In a text exchange recently made public, Kempczinski wrote to Lightfoot: “With both, the parents failed those kids, which I know is something you can’t say. Even harder to fix,” according to ABC Chicago station WLS-TV.
The comment sparked immediate backlash and accusations of racism and victim blaming.
Images shared to social media by the labor advocacy group Fight for 15 Chicago, which helped organize a protest on Wednesday, showed crowds of protestors descending on McDonald’s headquarters. Many of those marching were children.
“As the leader of the largest fast food corporation, Mr. Kempczinski has a responsibility to do much better for Black and Brown communities than add on to racist stereotypes,” Fight for 15 Chicago said in a Tweet.
Kempczinski acknowledged the text exchange in a note sent to McDonald’s U.S. corporate employees, which was viewed by ABC News.
“In the text exchange, I thanked Mayor Lightfoot for the visit and reflected on our conversation about the recent tragedies, commenting that ‘the parents failed those kids,'” the CEO wrote. “When I wrote this, I was thinking through my lens as a parent and reacted viscerally.”
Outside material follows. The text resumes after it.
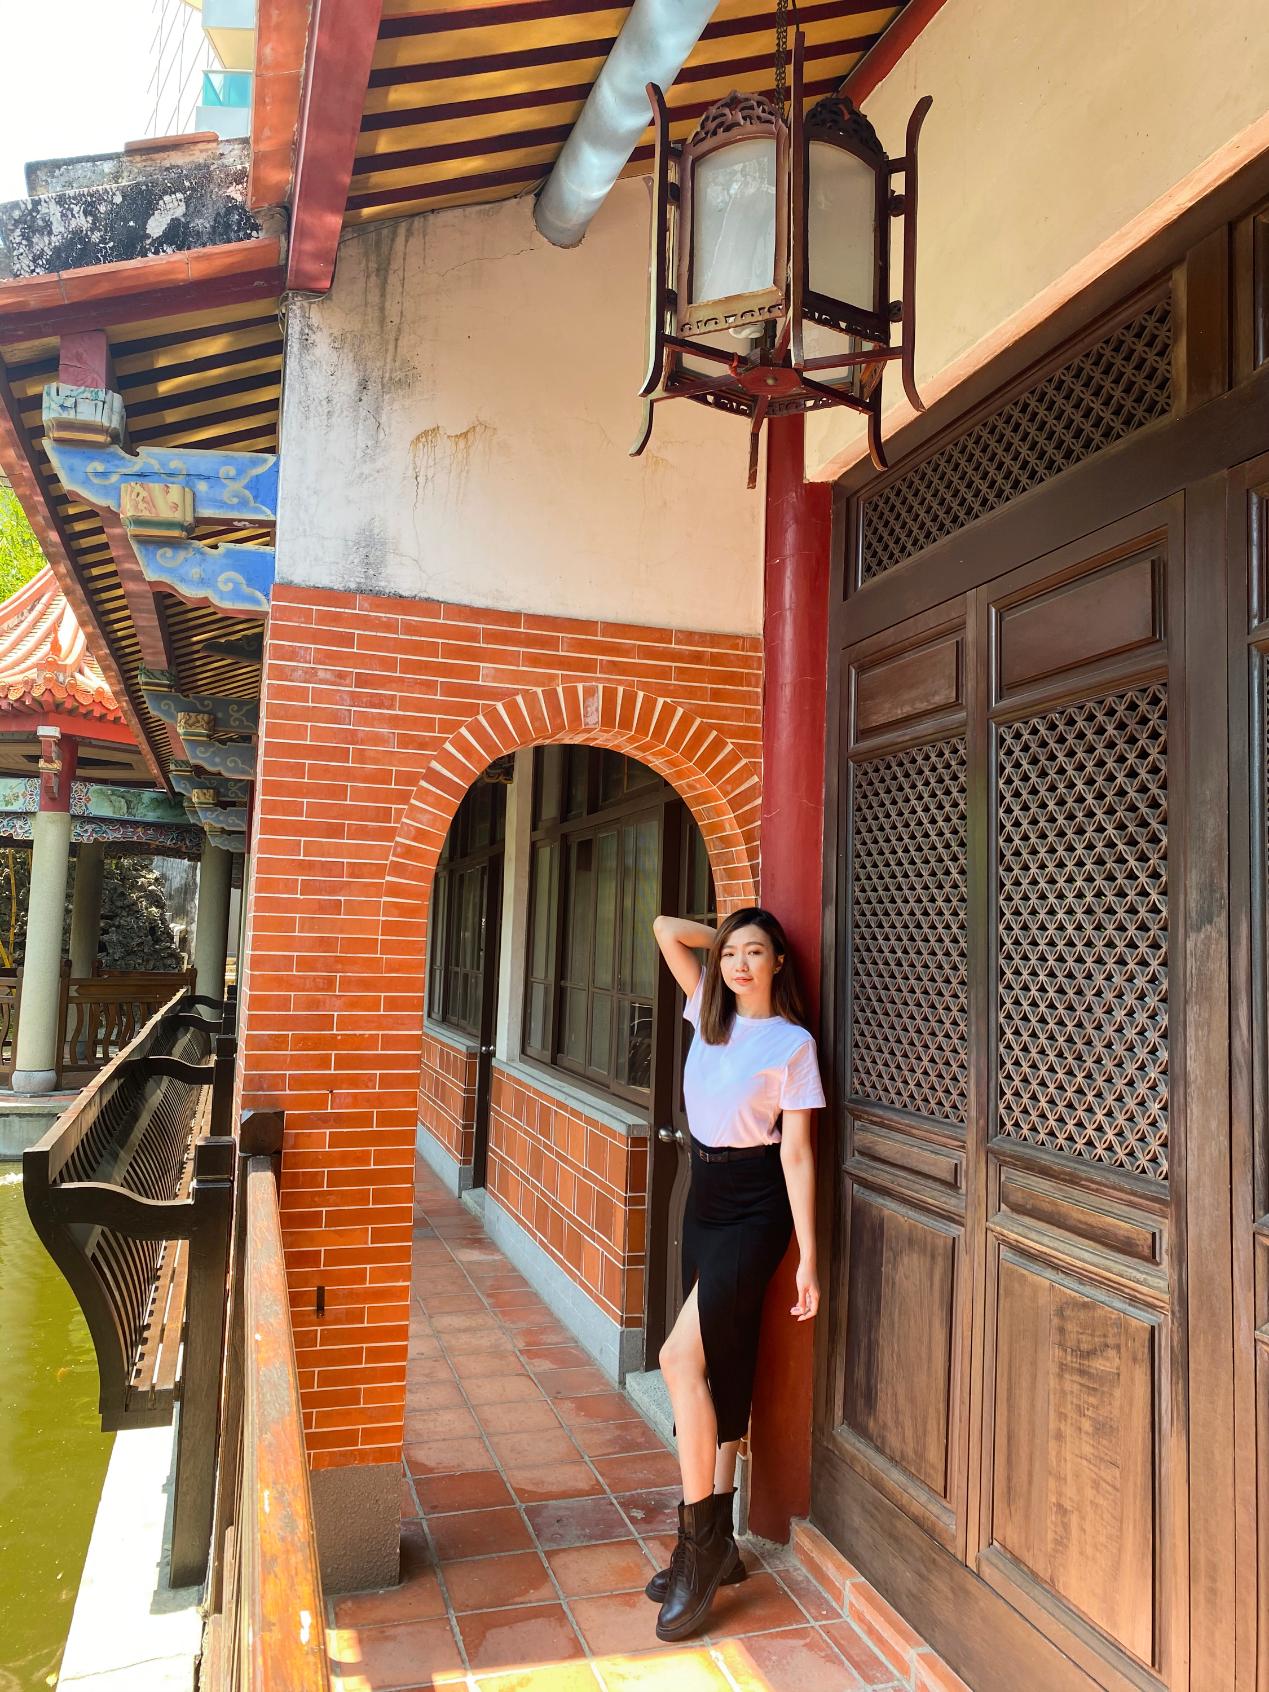 ▲吳園內有中式風格庭園,一旁還有日式木屋,走一趟能拍出三種風格美照。

“But I have not walked in the shoes of Adam’s or Jaslyn’s family and so many others who are facing a very different reality,” Kempczinski added. “Not taking the time to think about this from their viewpoint was wrong, and lacked the empathy and compassion I feel for these families. This is a lesson that I will carry with me.”
Kempczinksi lamented the “senseless surge in gun violence that is affecting so many children,” adding that, “it is also clear to me that everyone has a role to play.”
“Quite simply, it is on all of us to do better for the children of our communities,” the CEO stated, saying he was committed to working with civic leaders and elected officials to “understand what that means for McDonald’s.”
Lightfoot did not immediately respond to ABC News’ request for comment Thursday, but a spokesperson for the mayor told told WLS-TV: “Victim shaming has no place in this conversation.”